Some bases in the reads differ from the reference genome due to several reasons like sequencing errors, polymorphism, etc. We have to take into account these inevitable differences in both of the two problems (alignment and assembly). 



## Focus 1: Read *Alignment*

### Exact matching

![Exact matching algorithms](https://freeimghost.net/images/2025/04/30/Screenshot-2025-05-01-at-08.41.07.png)

#### Naive exact matching 

A preliminary idea for dealing with such task. Simply consists of two nested loops, a loop that iterates over possible alignments and then a loop that iterates over character comparisons, both searched from *left to right*. We're just trying every possible offset and checking whether P ('pattern', eg. short read) matches T ('text', eg. full genome) at that offset; if characters on the corresponding position mismatch, the inner loop `break`s.

#### Boyer-Moore

For a given alignment (also aligned in left-to-right order), we will do the **character comparisons** but **starting from the right-hand side** and comparing each character to see whether they mismatch. 

- Upon mismatch, we can skip alignments until either the mismatch becomes a match, or the pattern P moves all the way past the mismatched text character. This is called the *bad character rule*. The other rule is called the *good suffix rule*, which states that for the characters we did match (P's *good suffix*), we want to shift P until there are no mismatches between P and common substring, or until P moves all the way past the substring on T.

-  Whenever we have a mismatch, we're going to try both rules. **Each rule will tell us some number of alignments that we can skip**. And we take the maximum of the two to skip.

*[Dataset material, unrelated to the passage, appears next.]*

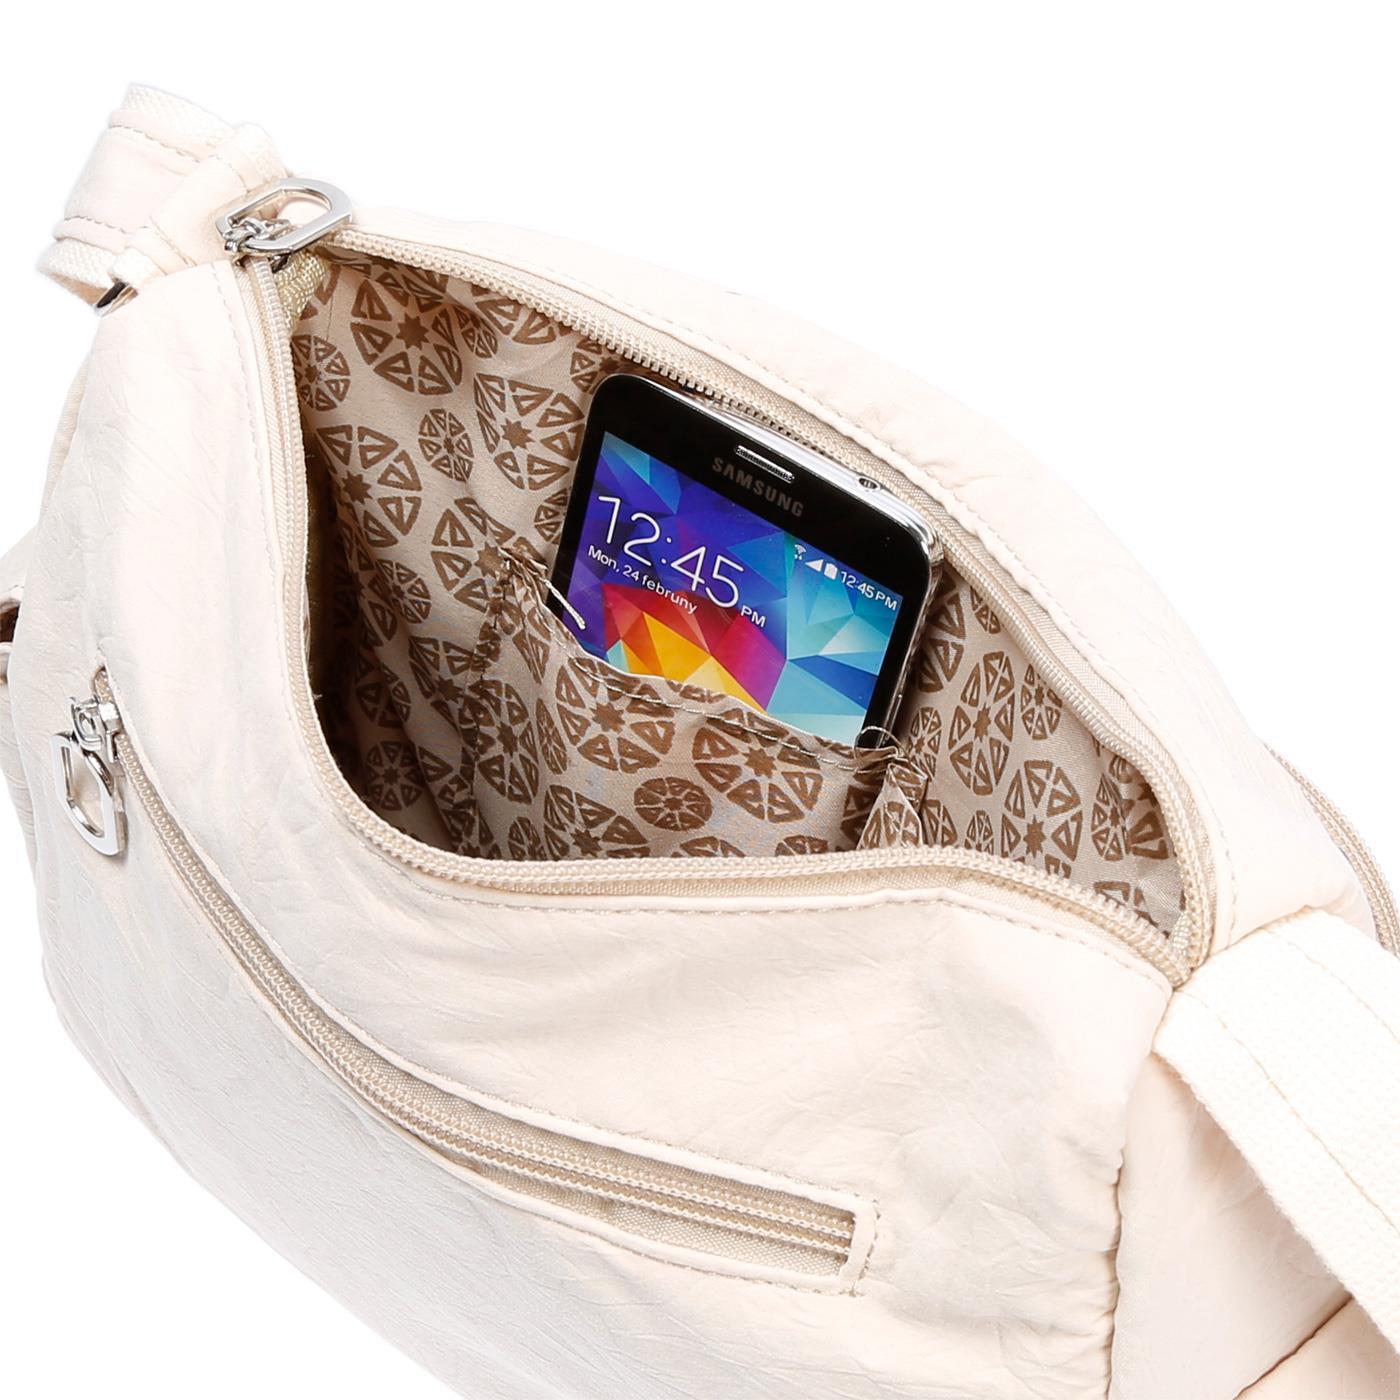 Damenhandtasche-Schultertasche-Tasche-Umhaengetasche-Canvas-Shopper-Crossover-Bag Indexbild 29

-  In reality, Boyer-Moore implementations build some **lookup tables beforehand** (*preprocess* P), so that every time we want to apply either rule, the number of skips can simply be looked up from the table.
  
#### Offline algorithms: indexing

Boyer-Moore is an algorithm that preprocesses the pattern P to build the lookup tables. However, if we're in a situation where we have to solve many matching problems in which the text T is the same but the pattern P can vary from problem to problem, then it might be worthwhile to preprocess the text T. 

An algorithm that uses a **preprocessed version of T** is called an **offline algorithm**, whereas an algorithm that does not preprocess T is called online, eg. Boyer-Moore. Notice that this definition is the same regardless of whether we preprocess P or not.

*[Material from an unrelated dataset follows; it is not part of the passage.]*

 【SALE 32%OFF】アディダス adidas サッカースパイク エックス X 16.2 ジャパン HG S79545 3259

**Indexing**: two ways, either by **sorting** (eg. in alphabetical order) or by **grouping** (eg. by category).

We index our text T in pretty much the same way we would index a book, except that we treat consecutive **substrings of T with the length of k** as words, given the term ***k-mer***. We take every k-mer and insert it into the index while *recording its offset* at T, then sort it by alphabetical order so that for every k-mer we are able to map it back to all the offsets where it occurred. 

- For a P, we query this index by taking the k-mer of P and matching it with the index to get the offset within T.

- After finding the index hits, the place where the k-mer occurs within the text, that's only the first step. The additional work we have to do to determine if we have a **full match of P to T is called verification**. We basically compare the rest of the characters of P other than k-mer with T. 

- This way to store the index is called a **multimap**, since a k-mer may be associated with many different offsets in the genome. 

  - A data sturcture based on *ordering*: an **ordered list** of k-mer-offset pairs ordered alphabetically by k-mer. We can use binary search (supported by Python's `bisect` module) to query this (since it's ordered!!!).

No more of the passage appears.